Previous message: Cromwell Enage: "Re: [boost] [graph] adjacency_list::operator=()"
In reply to: Erik Wien: "[boost] Re: Any interest in adding unicode support to boost?"
Next in thread: Mathew Robertson: "Re: [boost] Re: Any interest in adding unicode support to boost?"
Reply: Mathew Robertson: "Re: [boost] Re: Any interest in adding unicode support to boost?"

Erik Wien wrote:

>> - Why would the user want to change the encoding? Especially between
>> UTF-16 and UTF-32?
>
> Well... Different people have different needs. If you are mostly using
> ASCII characters, and require small size, UTF-8 would fit your bill. If
> you need the best general performance on most operations, use UTF-16. If
> you need fast iteration over code points and size doesn't matter, use
> UTF-32.

Ok, since everybody agreed characters outside 16 bits are very rare, UTF-32
seems to never be needed. As for UTF-8 vs. UTF-16: yes, the need for choice
seems present. However, UTF-16 string class would be better than no string
class at all, and extra genericity will cost you development time.
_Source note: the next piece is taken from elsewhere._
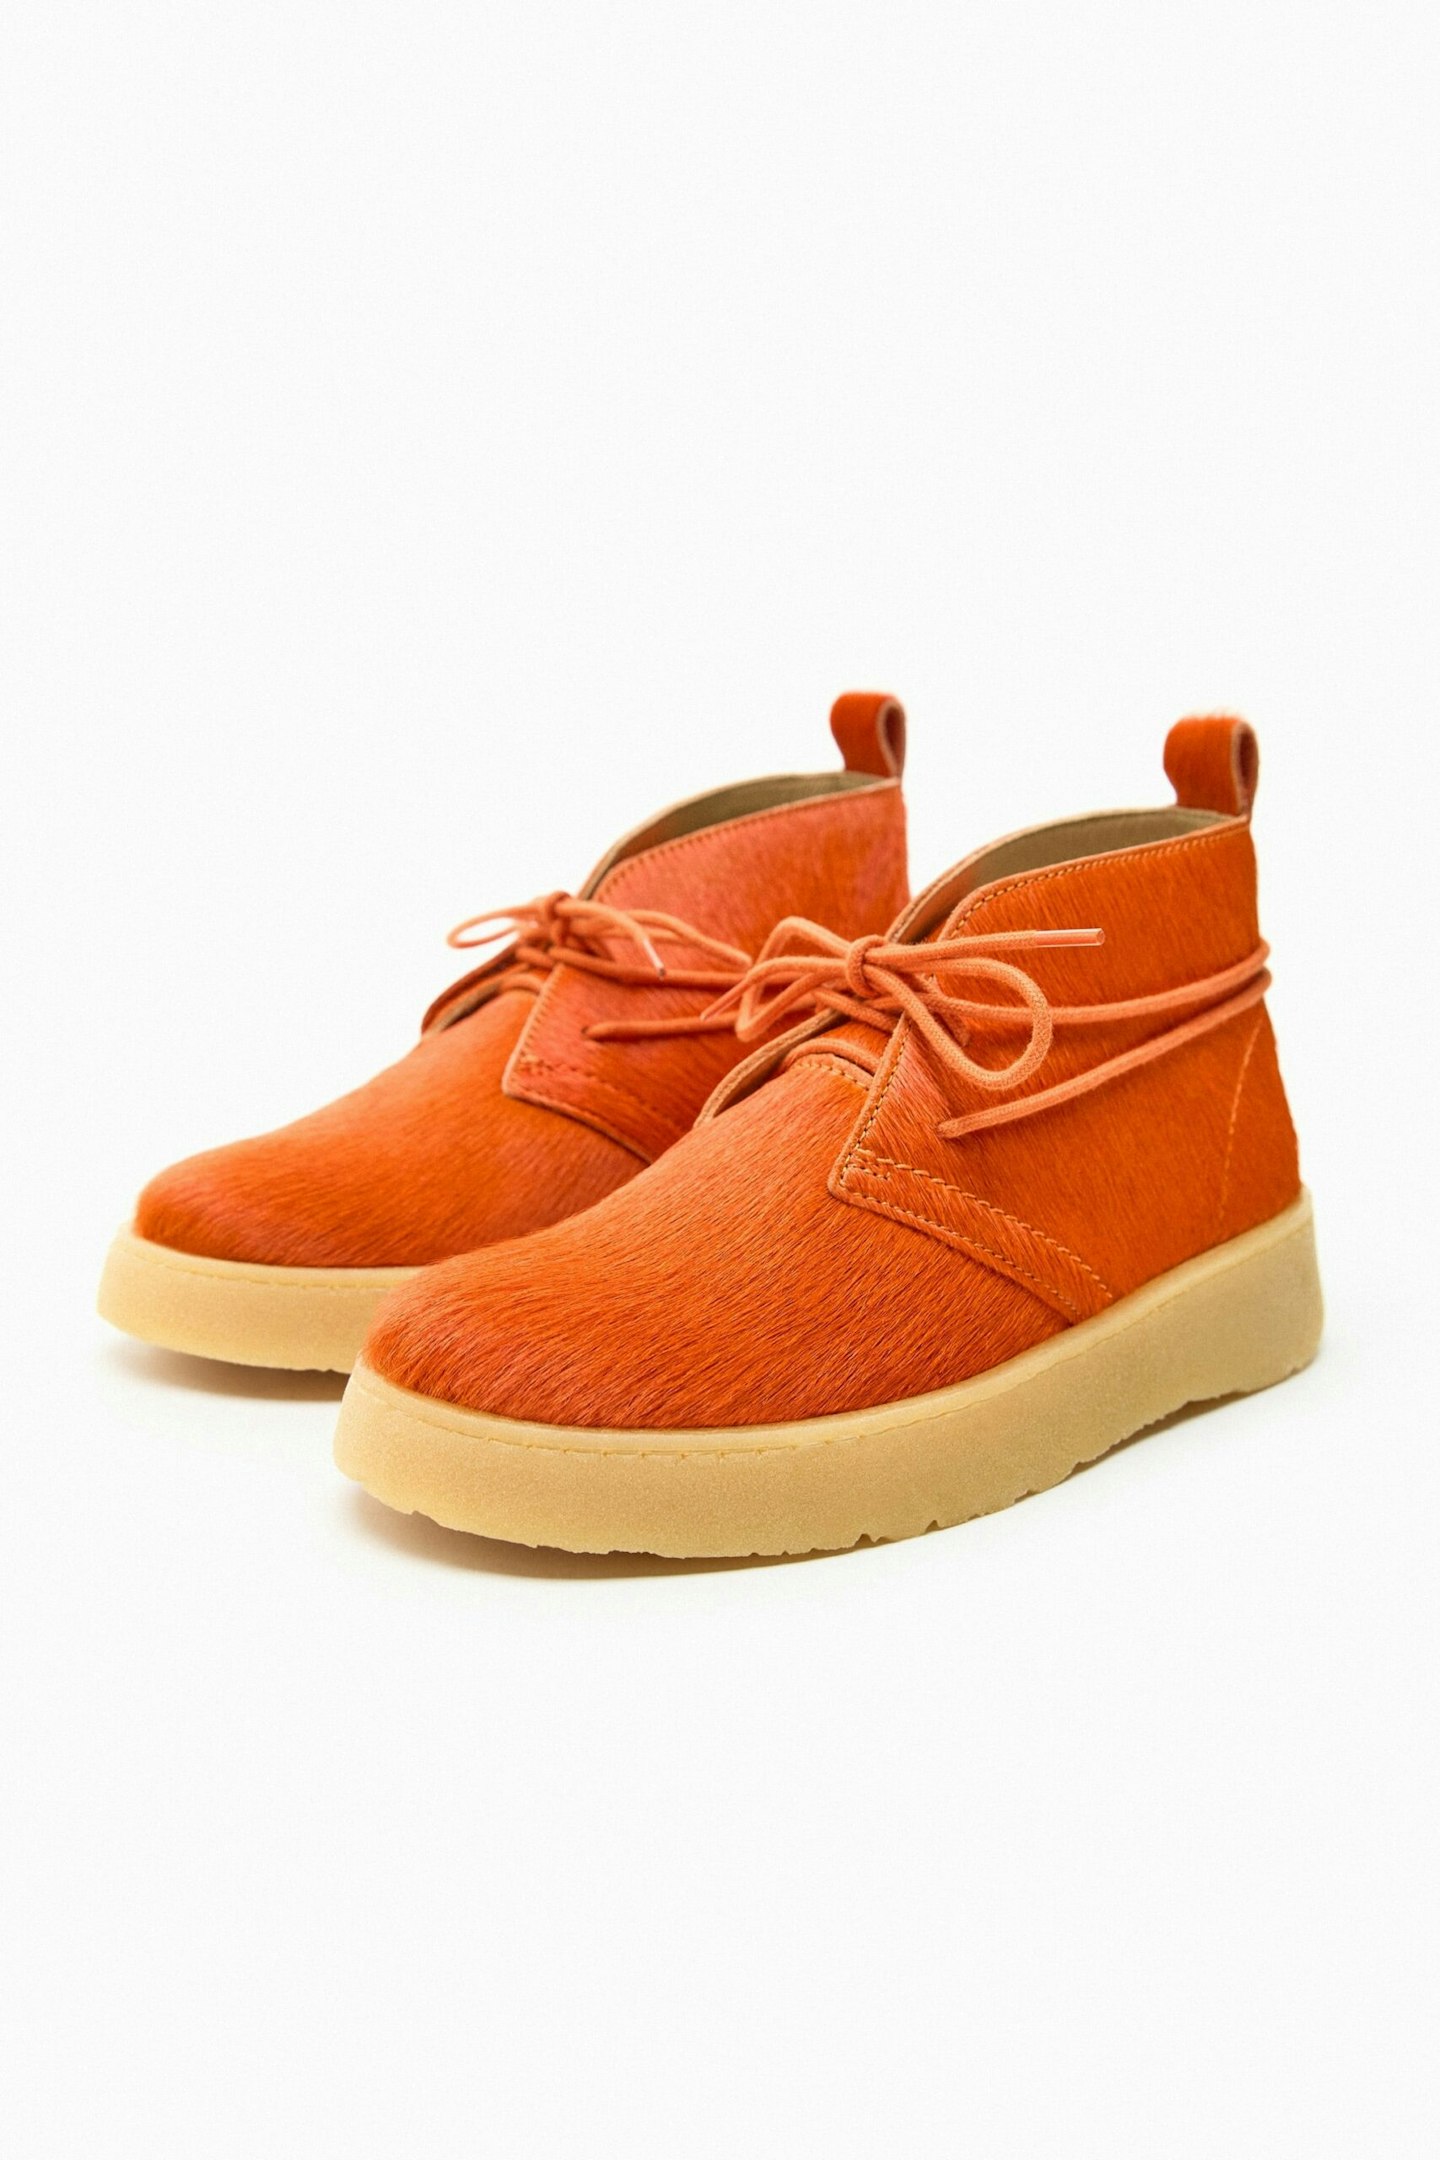 clarks-zara-orange-shoe
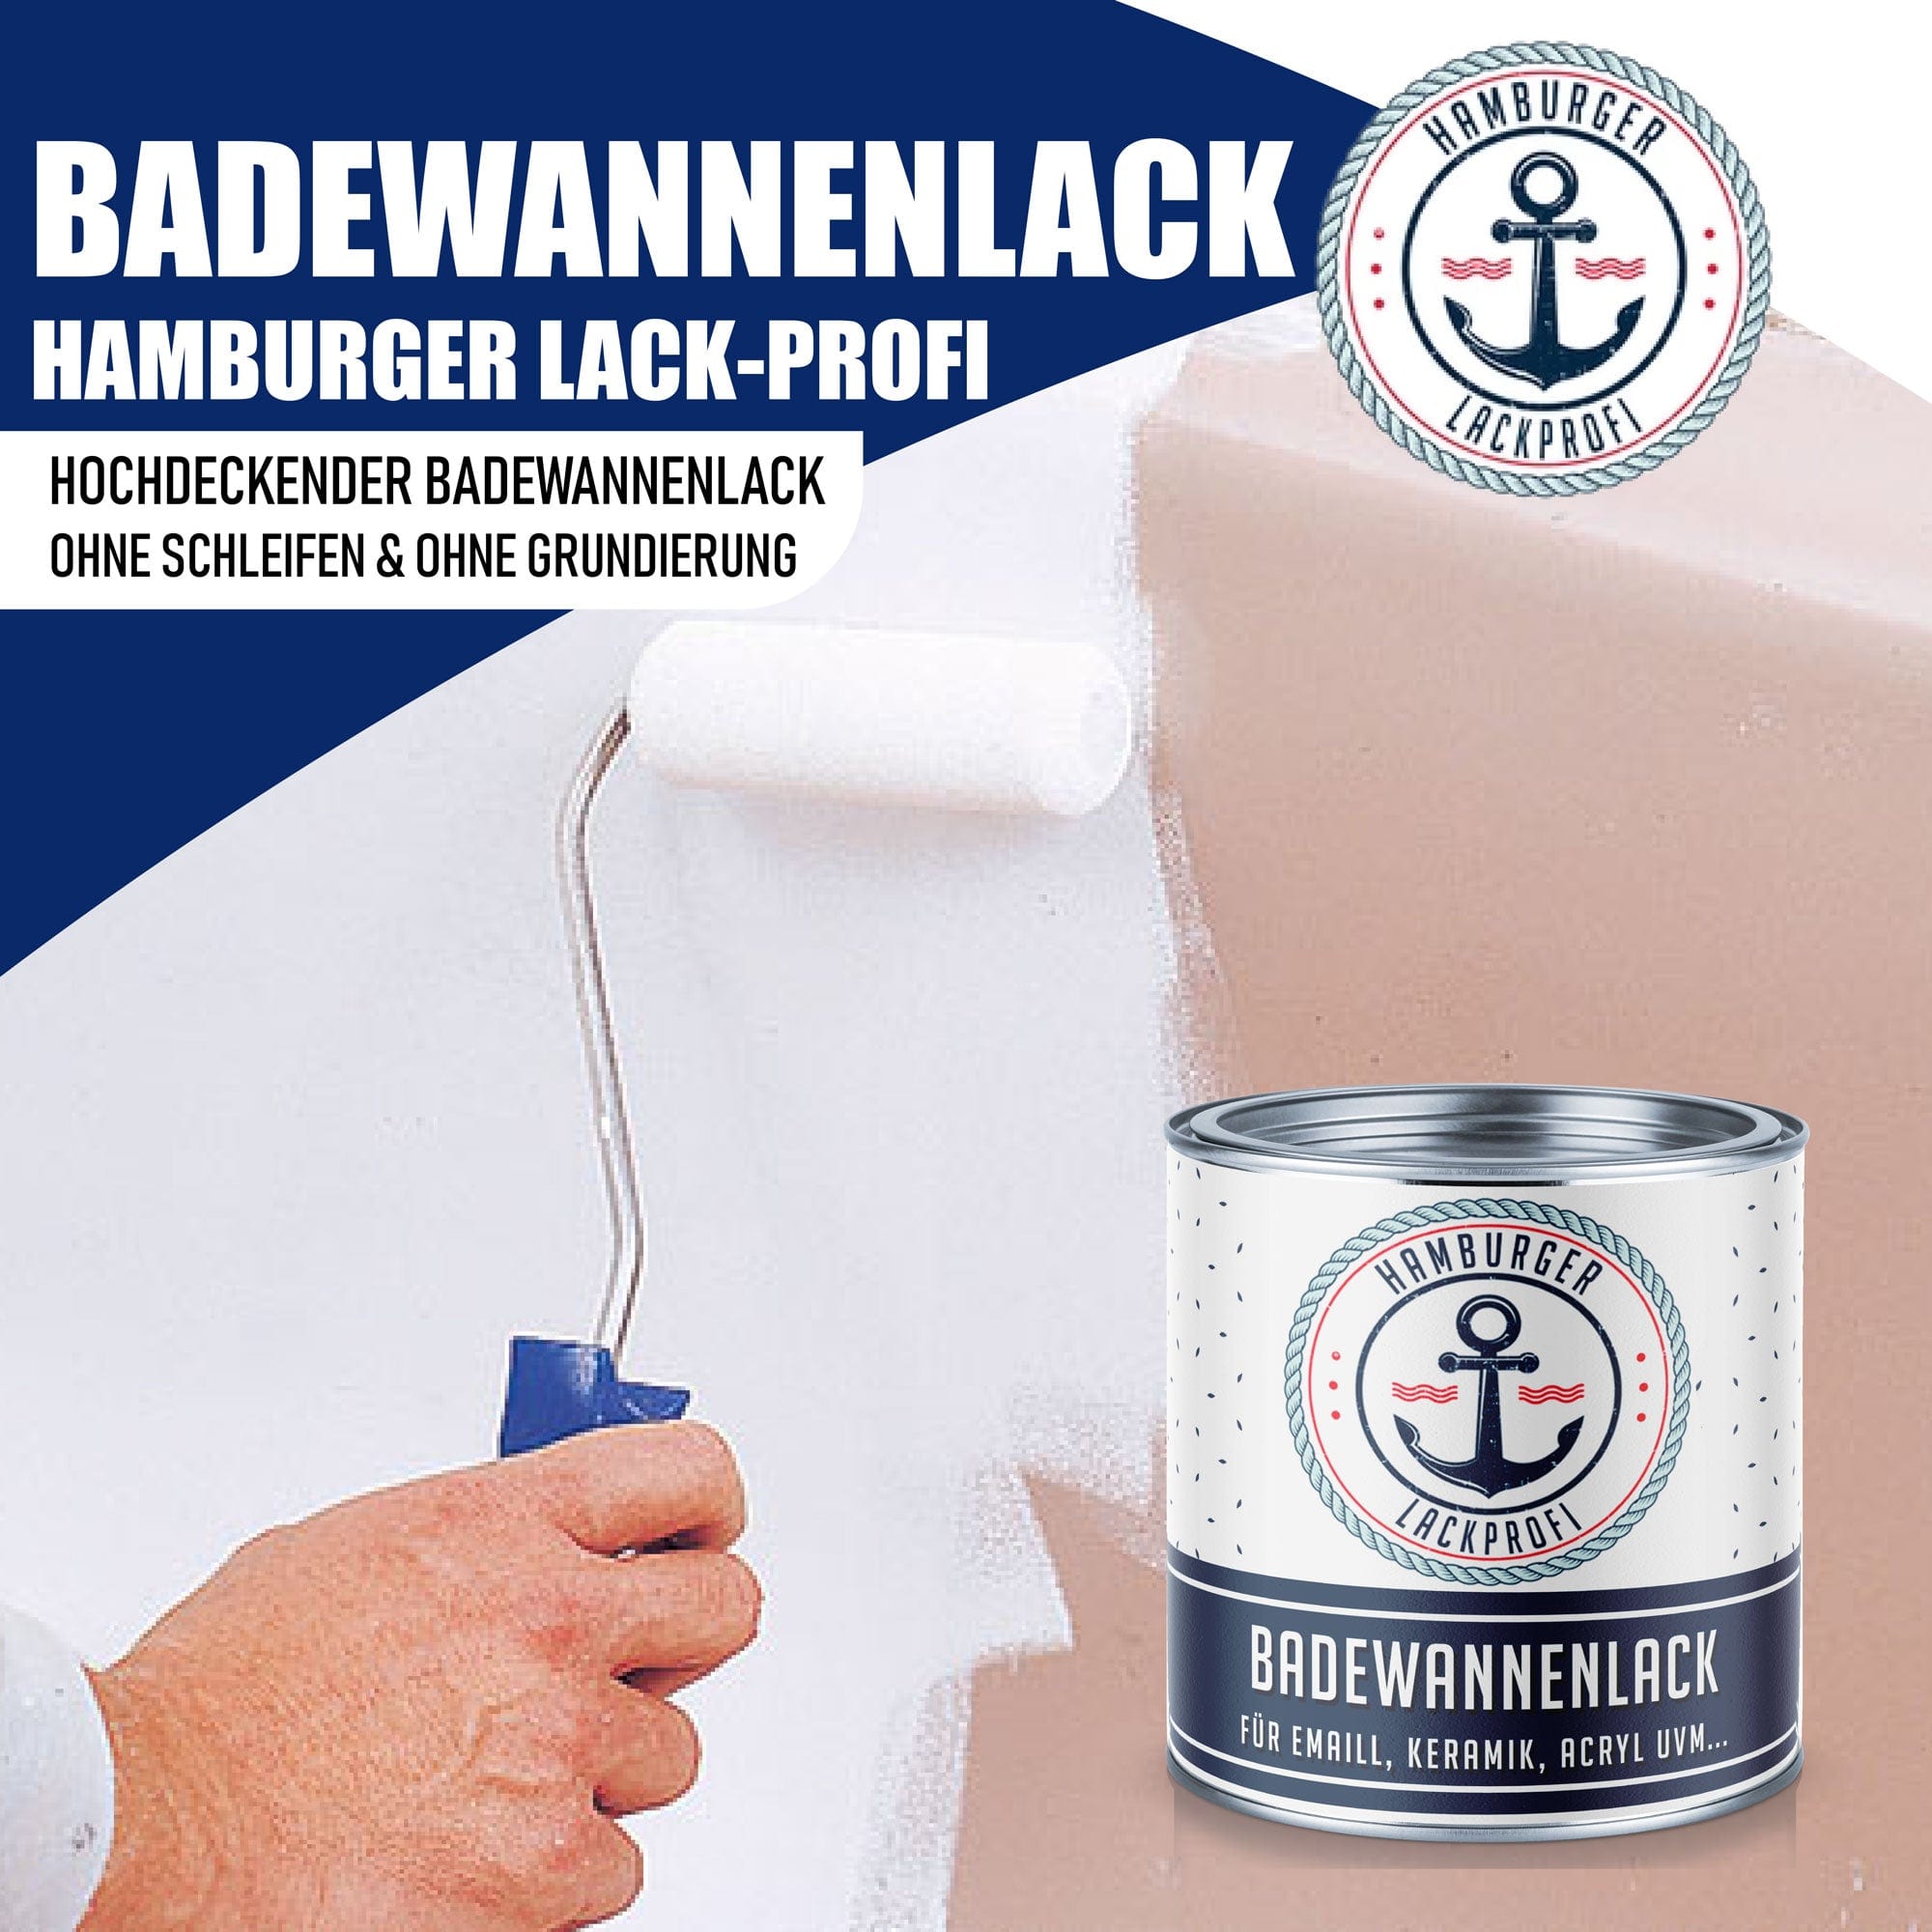 Hamburger Lack-Profi Badewannenlack Hamburger Lack-Profi 2K Badewannenlack Feuerrot RAL 3000 - Glänzend / Seidenmatt / Matt

>> - Why would the user want to specify encoding at compile time? Are there
>> performance benefits to that? Basically, if we agree that UTF-32 is not
>> needed, then UTF-16 is the only encoding which does not require complex
>> handling. Maybe, for other encodings using virtual functions in
>> character iterator is OK? And if iterators have abstract characters" as
>> value_type, maybe the overhead if that is much large that virtual
>> function call even for UTF-16.
>
> Though I haven't confirmed this by testing, I would assume templating the
> encoding and thus specifying it at compile time would result in better
> performance since you don't have the overhead of virtual function calls.
> (Polymorphy would probably be needed if templates were scrapped.)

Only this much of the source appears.